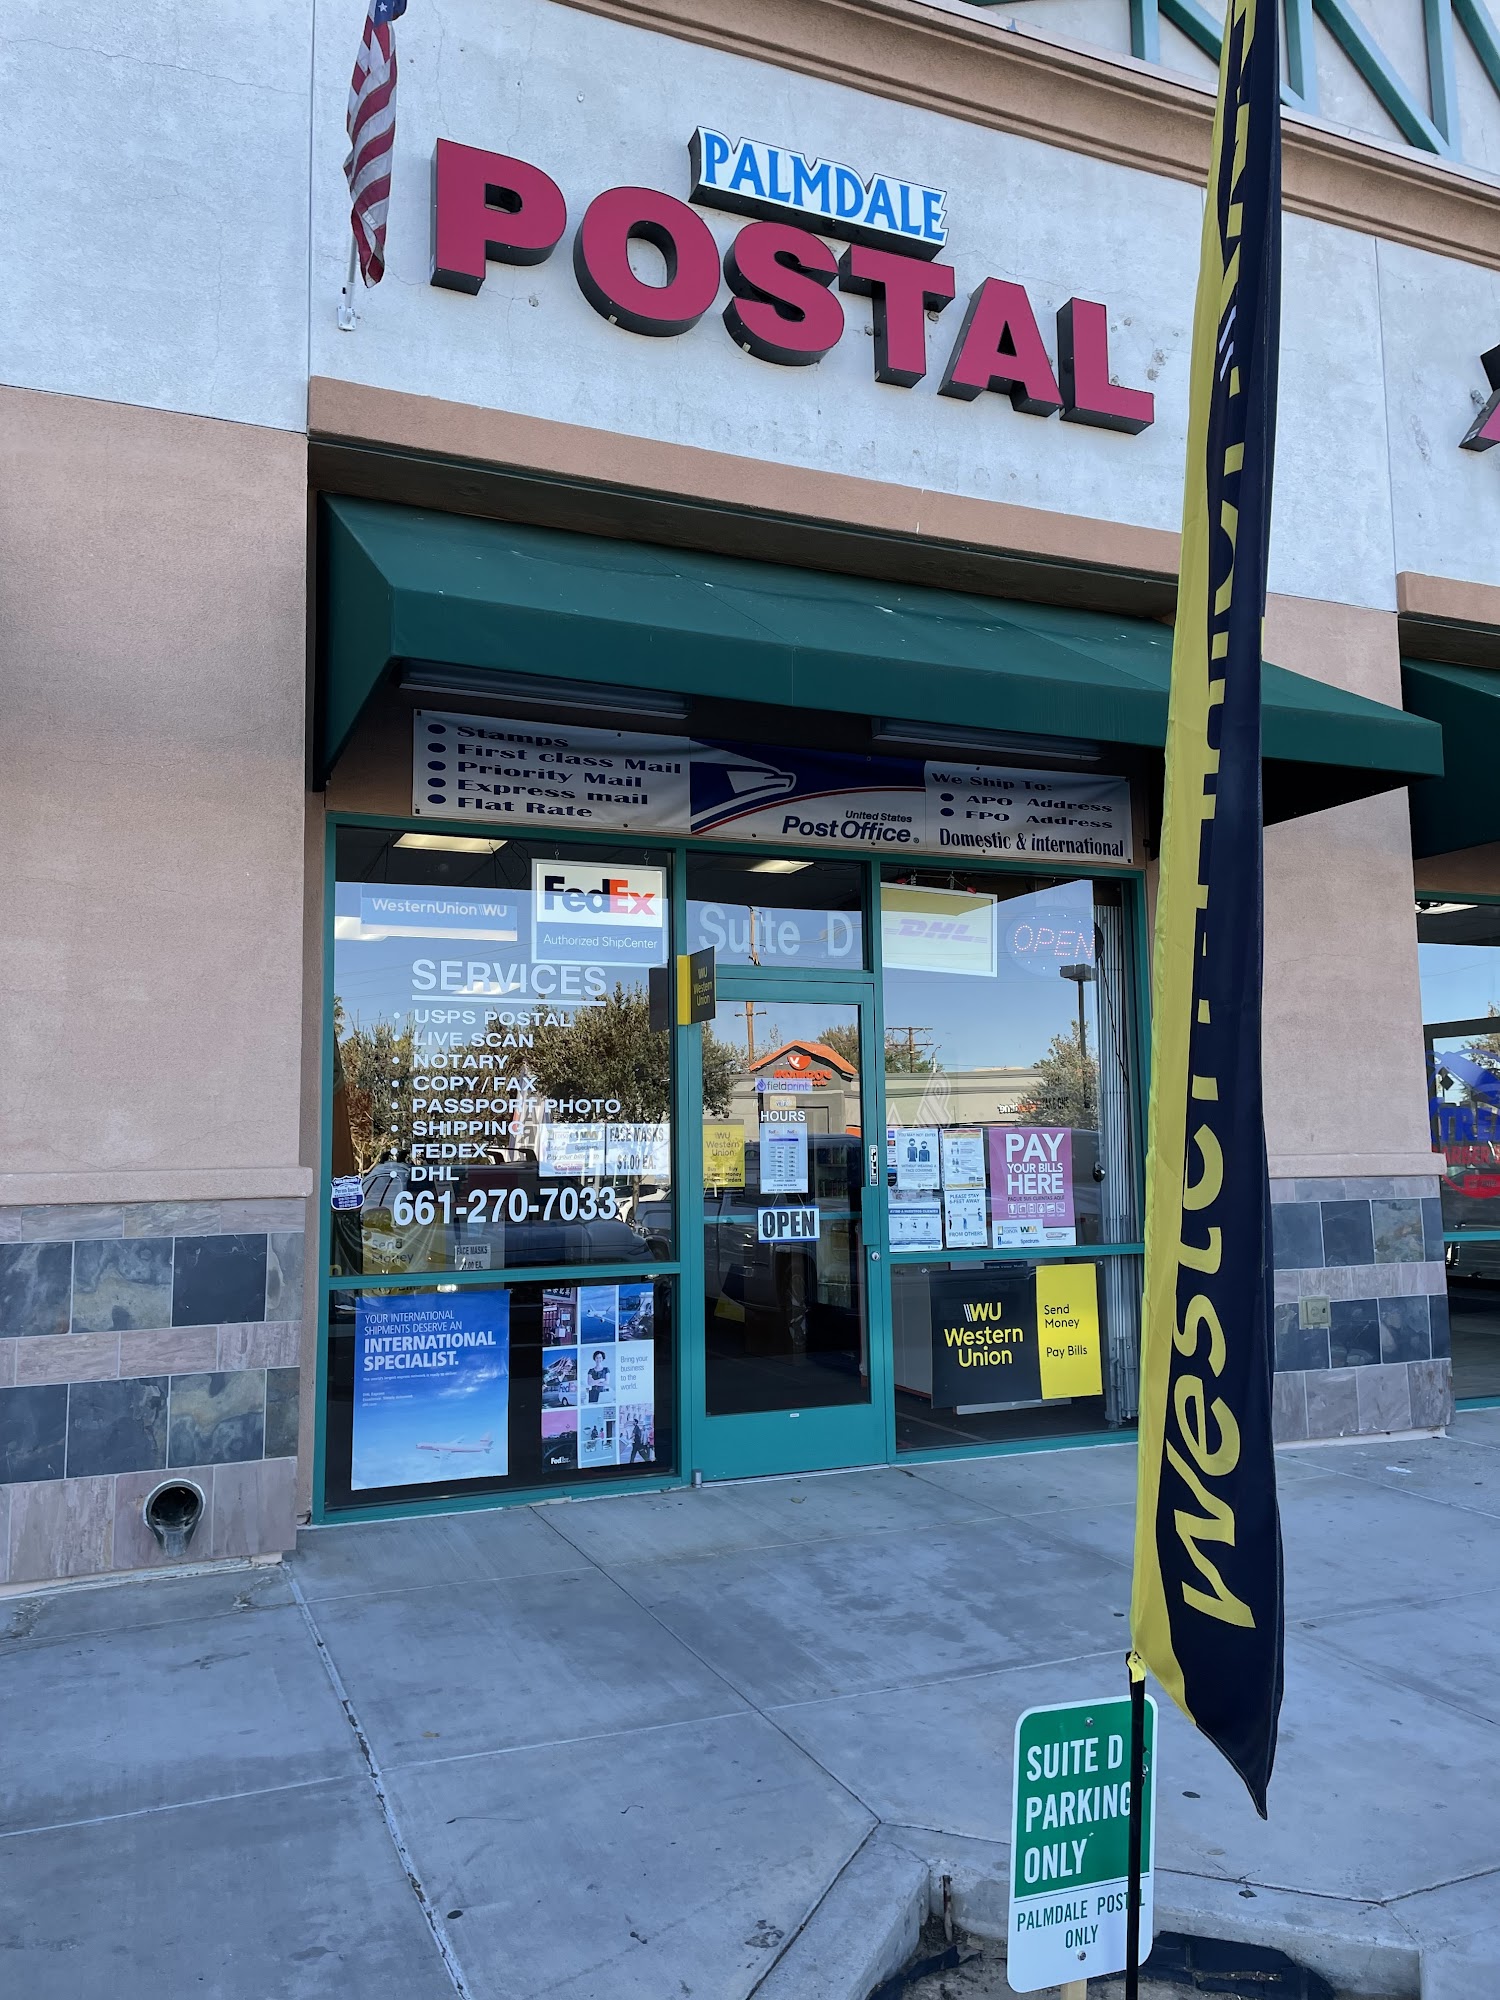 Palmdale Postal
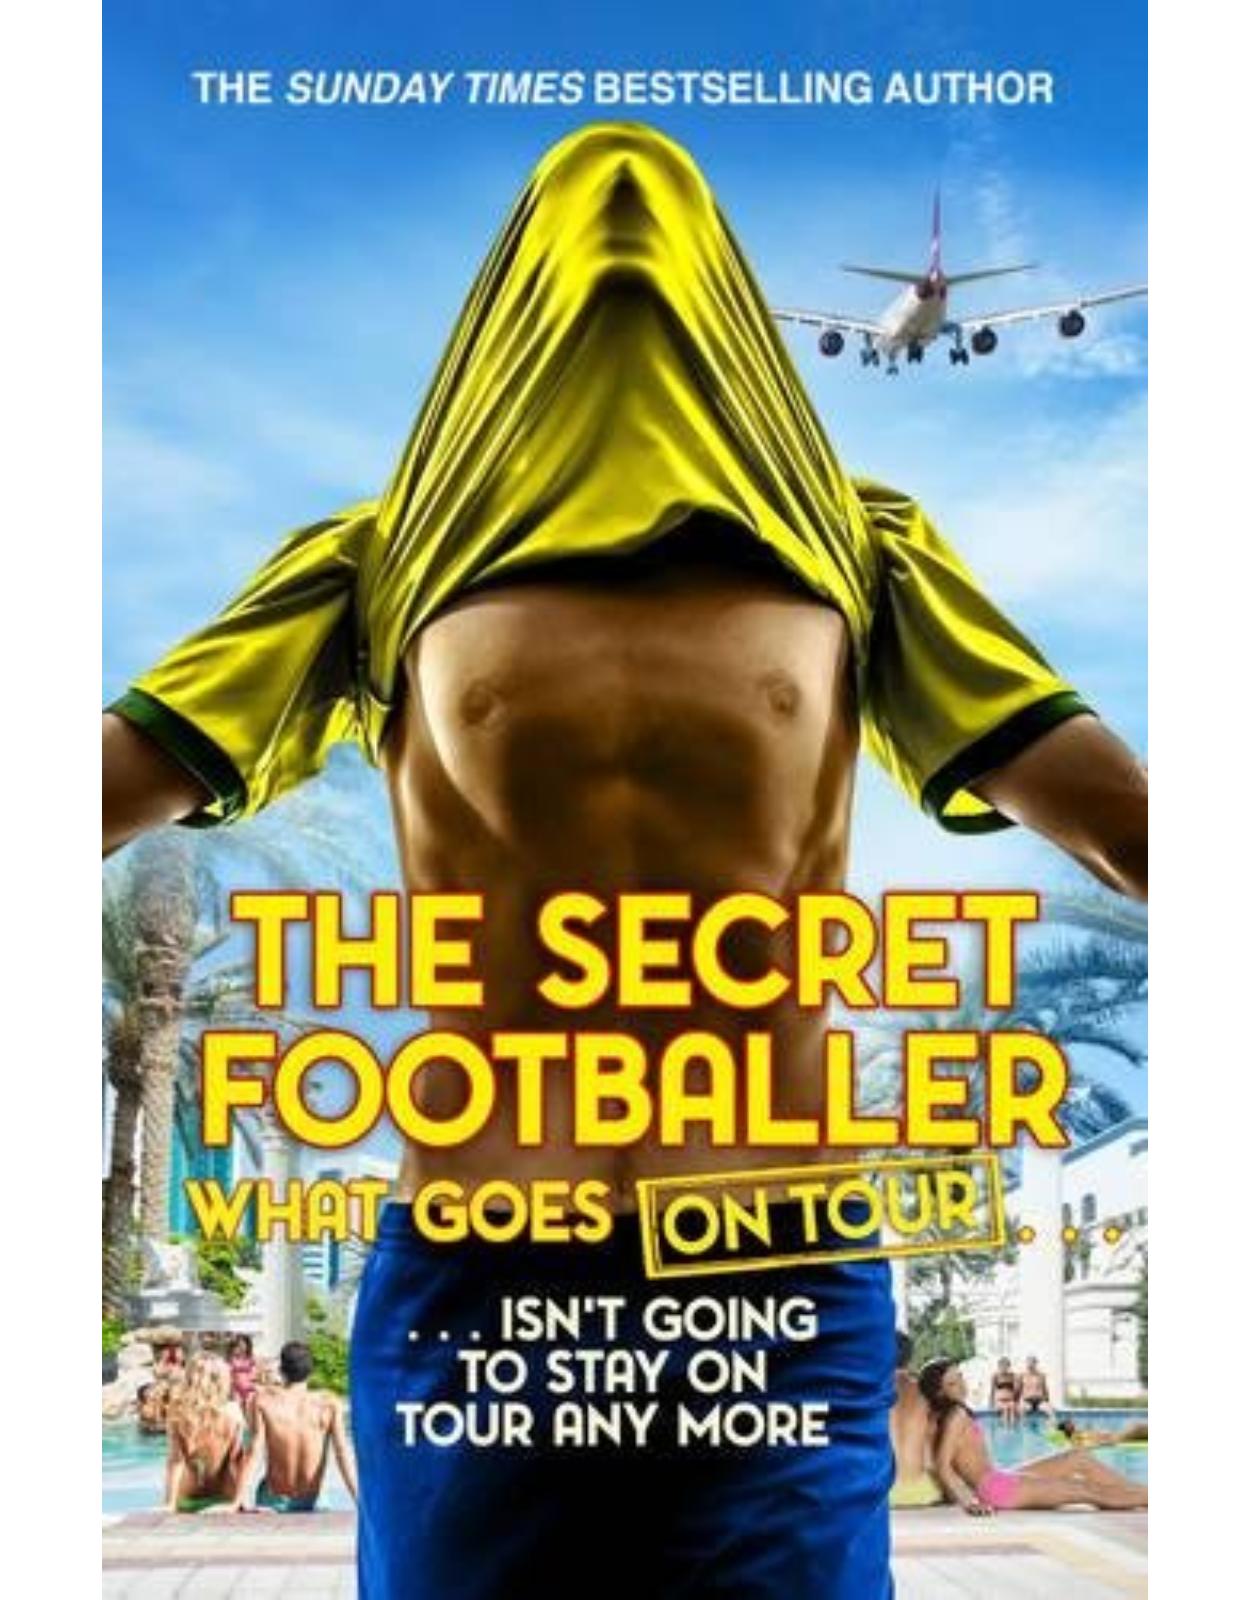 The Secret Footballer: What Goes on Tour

━━━━

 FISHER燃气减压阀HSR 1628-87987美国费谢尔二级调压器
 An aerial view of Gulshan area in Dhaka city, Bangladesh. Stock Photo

━━━━

# What you have to do
Print, exactly, each line above from the one with "Palmdale Postal" to the one with "The Secret Footballer: What Goes on Tour", end lines included. Leave pictures out of it.

# Written answer
 Palmdale Postal
 The Secret Footballer: What Goes on Tour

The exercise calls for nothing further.